The Istok refugees said military operations began in that region a week earlier and many people had been hiding in nearby woods since then. Shelling began again during the weekend.

Earlier arrivals in Montenegro are now being moved to camping sites on the coast where they are being housed in tents.

Emergency meeting

High Commissioner Sadako Ogata said Tuesday the enforced exodus from Kosovo was a deliberate attempt to "destroy its collective identity." She told an emergency international meeting in Geneva that the expulsion of huge numbers of Kosovars was "forced, planned and directed" which made the crisis "all the more unmanageable and destabilizing."

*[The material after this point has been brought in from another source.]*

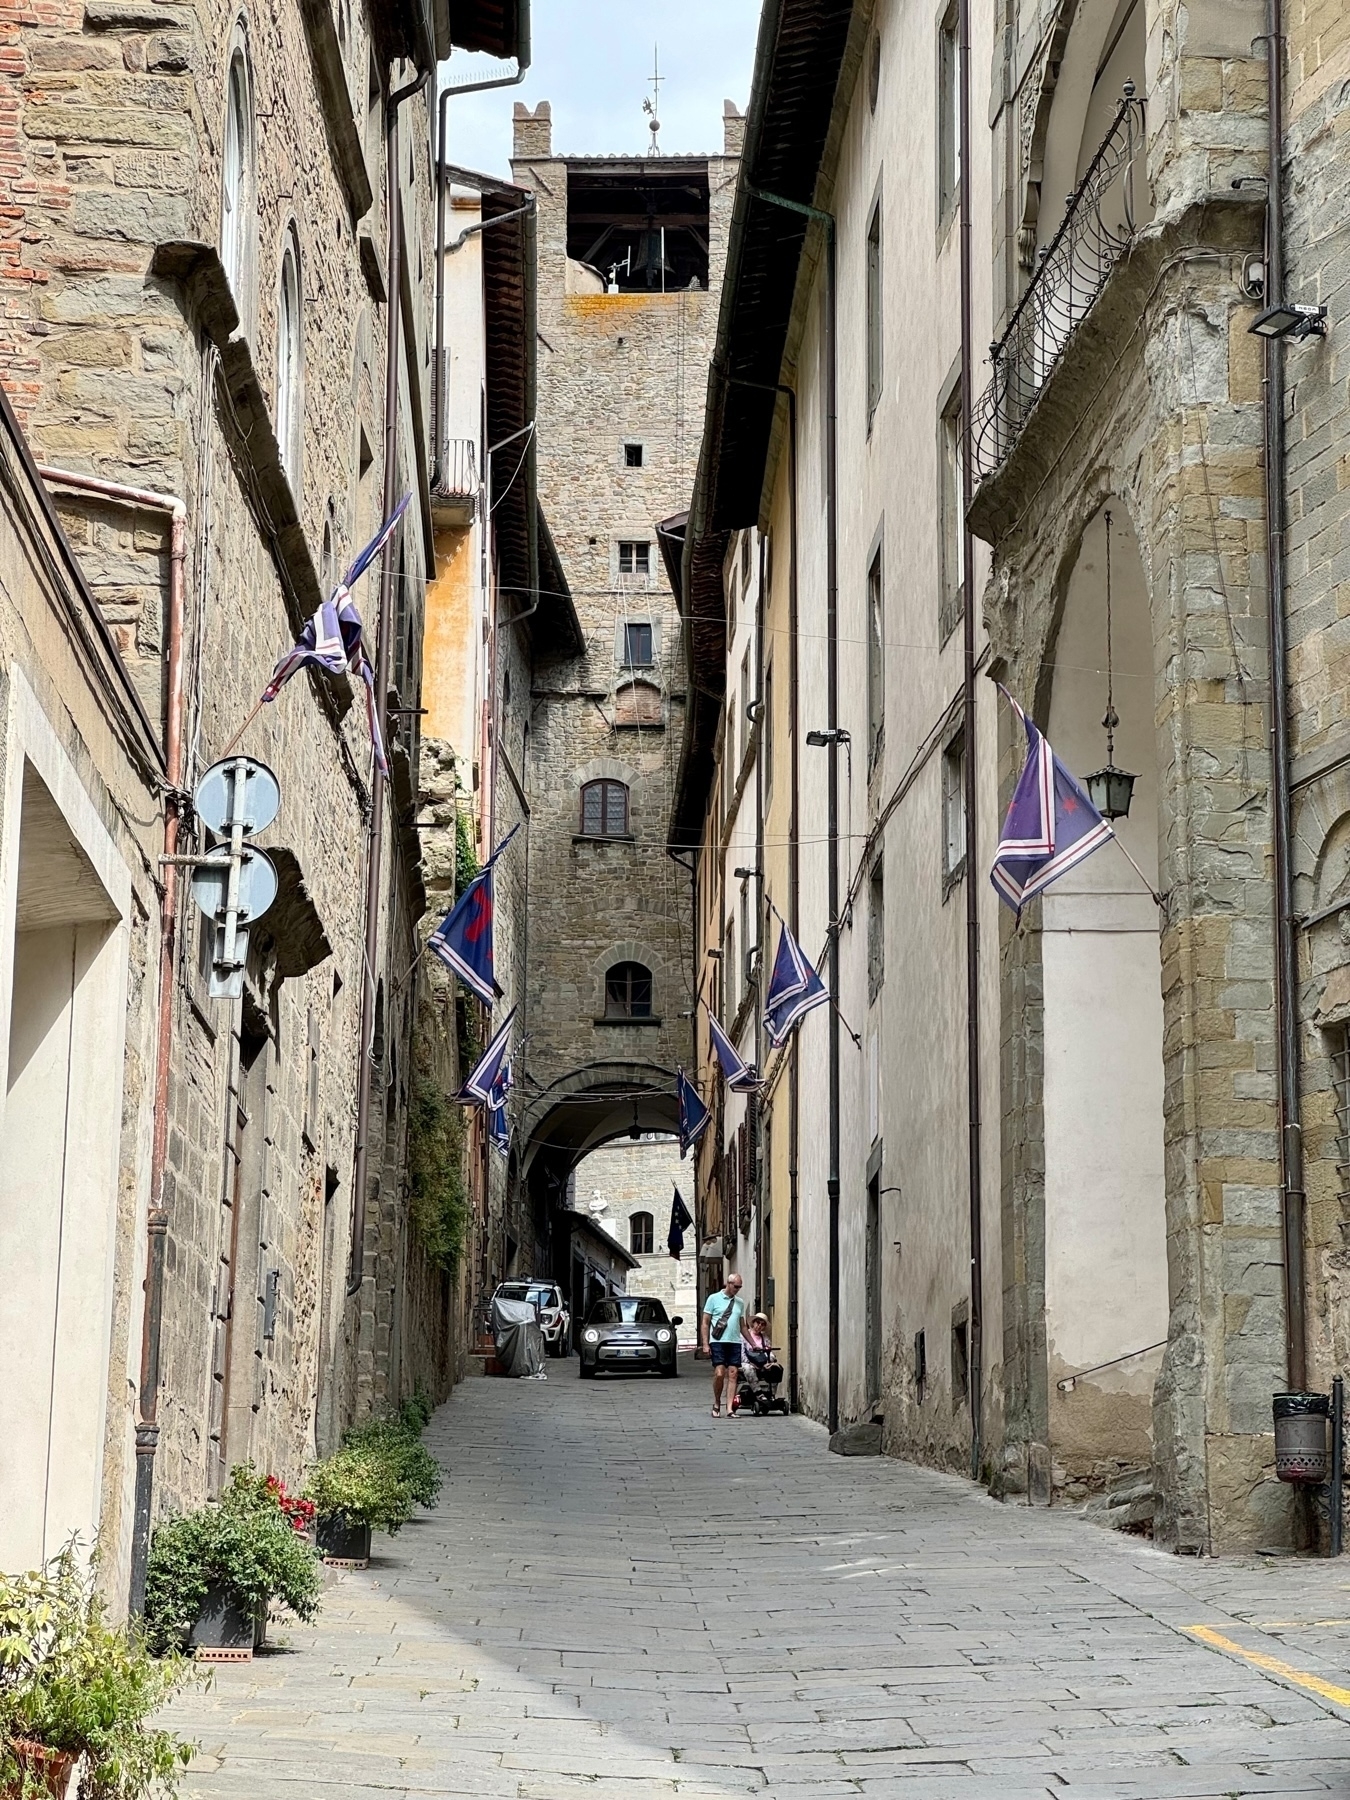 Narrow street in a historic European town, lined with stone buildings and colorful banners. A steep incline leads to an archway and a tower in the background. A few pedestrians and a parked car are visible.

Mrs. Ogata delivered her remarks to the opening session of the Humanitarian Issues Working Group (HIWG) which was convened to review the crisis and its implications for countries inside and outside the region. Fifty-six nations including Albania, the Federal Republic of Yugoslavia and the FYR of Macedonia attended the one-day session as well as the heads of humanitarian agencies and non-governmental organizations.

The High Commissioner repeated a call she made earlier in the emergency, urging countries beyond Kosovo's immediate neighbours to take in refugees on a temporary basis to help ease the immediate crisis.

Longterm, she said, "Solutions for the overwhelming majority means returning to their homes as soon as possible" backed by a strong international commitment to the stability of Kosovo.

Guidelines

UNHCR issued a set of guidelines and criteria covering temporary refuge as the first officially evacuated refugees left the region. UNHCR said all evacuations had to be on a voluntary basis only, with every effort made to respect family unity and, wherever possible, family reunification in cases where members have been separated during their initial flight. Priority should be given to particularly vulnerable people or those with special needs, though everyone should be medically fit to sustain travel.

Thus far a total of 70,000 places have been made available to Kosovars including 20,000 to Germany and other European Union countries, 20,000 each to the United States and Turkey and 5,000 each to Canada and Norway.

Ninety people left Monday for Norway. Another 1,360 went to Turkey, but UNHCR expressed concern that the majority of these people had not been properly registered before they left. A special UNHCR team was en route to Skopje to handle future refugee registration.